1150 Achaia (/əˈkaɪə/); prov. designation: ) is a stony background asteroid from the inner regions of the asteroid belt. It was discovered by Karl Reinmuth at Heidelberg Observatory on 2 September 1929. The S-type asteroid has a notably long rotation period of hours 61 hours and measures approximately 7.8 km in diameter. It is named for the Greek region of Achaia.

== Discovery ==

Achaia was discovered on 2 September 1929, by German astronomer Karl Reinmuth at Heidelberg Observatory in southwest Germany. Ten nights later, it was independently discovered by Friedrich Schwassmann and Arno Wachmann at Bergedorf. The body's observation arc begins at Heidelberg, five days after its first and official discovery observation.

== Orbit and classification ==

Located in the orbital region of the Flora family, one of the largest, yet disputed families of the main-belt, Achaia is a non-family asteroid of the main belt's background population when applying the hierarchical clustering method to its proper orbital elements. It orbits the Sun at a distance of 1.7–2.6 AU once every 3 years and 3 months (1,184 days). Its orbit has an eccentricity of 0.20 and an inclination of 2° with respect to the ecliptic.

== Naming ==

This minor planet is named for the region Achaea (or "Achaia") in Western Greece. It is located in the northern part of the Peloponnese peninsula and borders on the gulfs of Patras and Corinth. Naming citation was first mentioned in The Names of the Minor Planets by Paul Herget in 1955 (H 107).

== Physical characteristics ==

In the Tholen-like taxonomy of the Small Solar System Objects Spectroscopic Survey (S3OS2), Achaia is a common, stony S-type asteroid, while in the survey's SMASS (Bus–Binzel)-like taxonomic variant, it is an Sl-subtype, which transitions from the S-type to the uncommon L-type asteroid.

=== Photometry ===

A rotational lightcurve of Achaia was obtained from photometric observations by Czech astronomer Petr Pravec at Ondřejov Observatory in October 2007. It gave a well-defined rotation period of 60.99 hours with a brightness variation of 0.72 magnitude (U=3).

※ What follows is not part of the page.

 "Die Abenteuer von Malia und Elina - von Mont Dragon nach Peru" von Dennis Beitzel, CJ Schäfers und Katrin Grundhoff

Published in 2016, two additional lightcurves were derived from modeled photometric data using various sources. They gave a sidereal rotation period of 61.071±0.001 and 61.072±0.005 hours, as well as a spin axis of (5.0°, −65.0°) and (20.0°, −69.0°) in ecliptic coordinates, respectively.

While not being a slow rotator, Achaia has a notably longer period than the vast majority of asteroids, which typically rotate every 2 to 20 hours once around their axis. Also, the body's changes in brightness are relatively high and indicate that it has a non-spheroidal shape.

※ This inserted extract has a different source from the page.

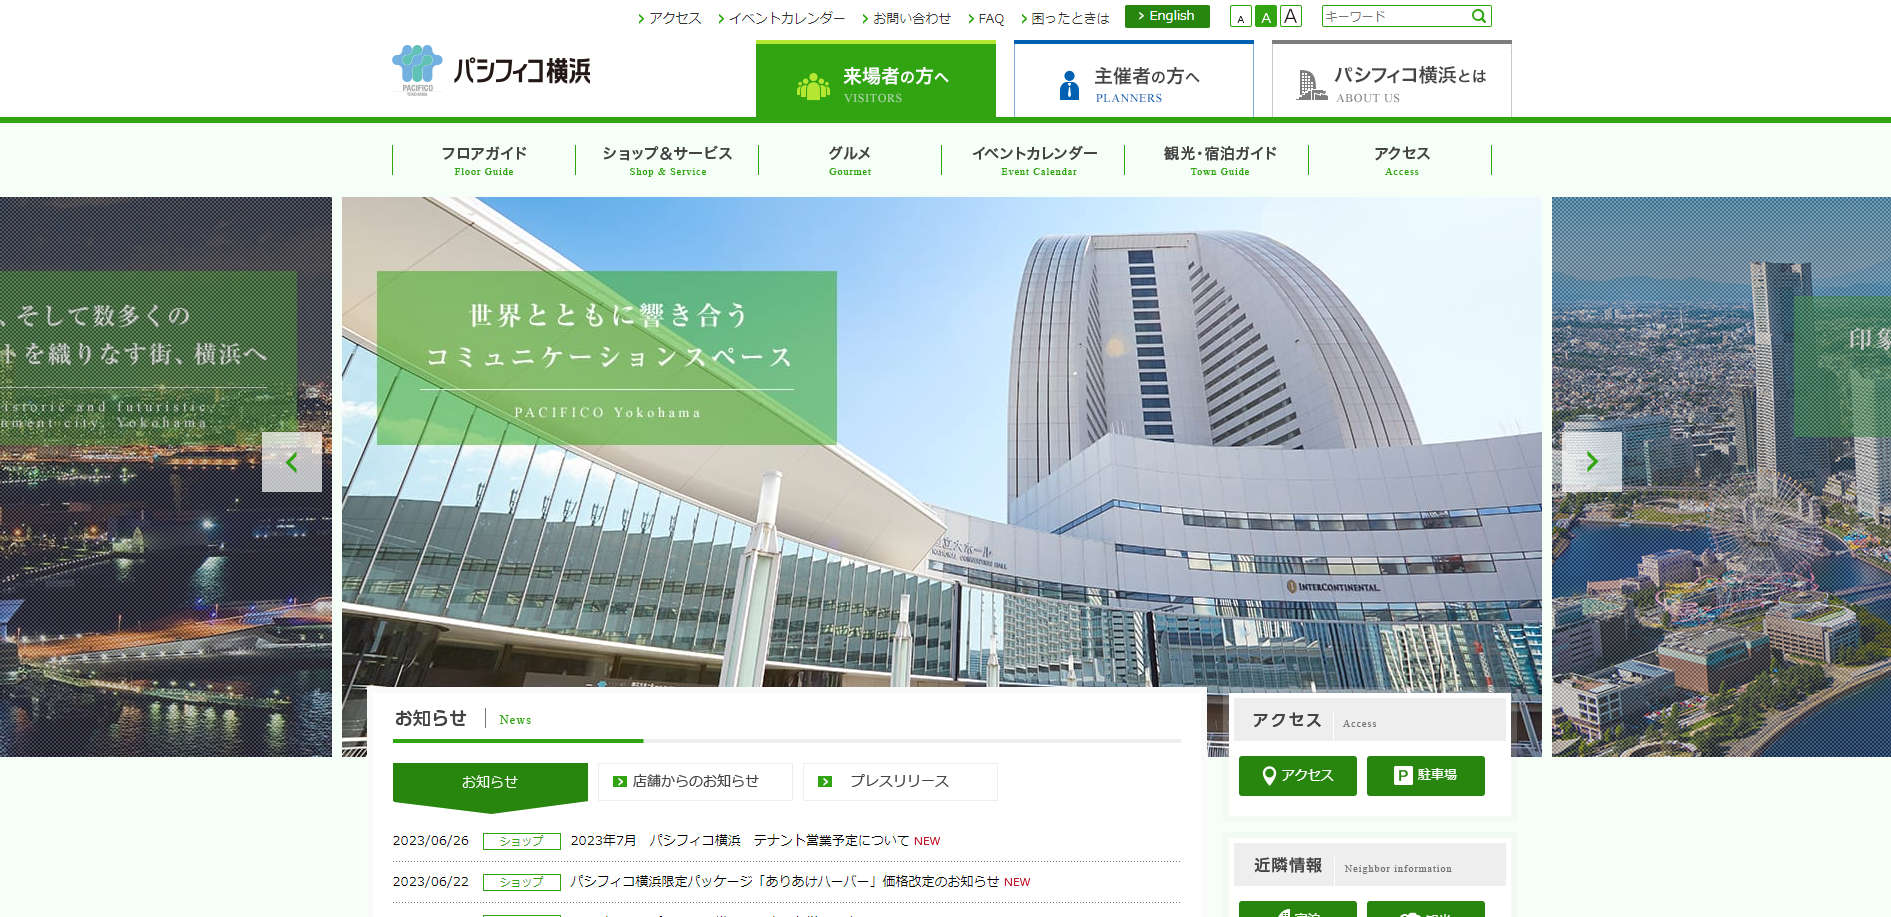 株式会社 横浜国際平和会議場の予約システム開発

=== Diameter and albedo ===

According to the surveys carried out by the Japanese Akari satellite and NASA's Wide-field Infrared Survey Explorer with its subsequent NEOWISE mission, Achaia measures between 7.689 and 8.16 kilometers in diameter, and its surface has an albedo between 0.234 and 0.251. The Collaborative Asteroid Lightcurve Link assumes an albedo of 0.24 – taken from 8 Flora, the Flora family's principal body and namesake – and calculates a diameter of 7.82 kilometers based on an absolute magnitude of 12.7.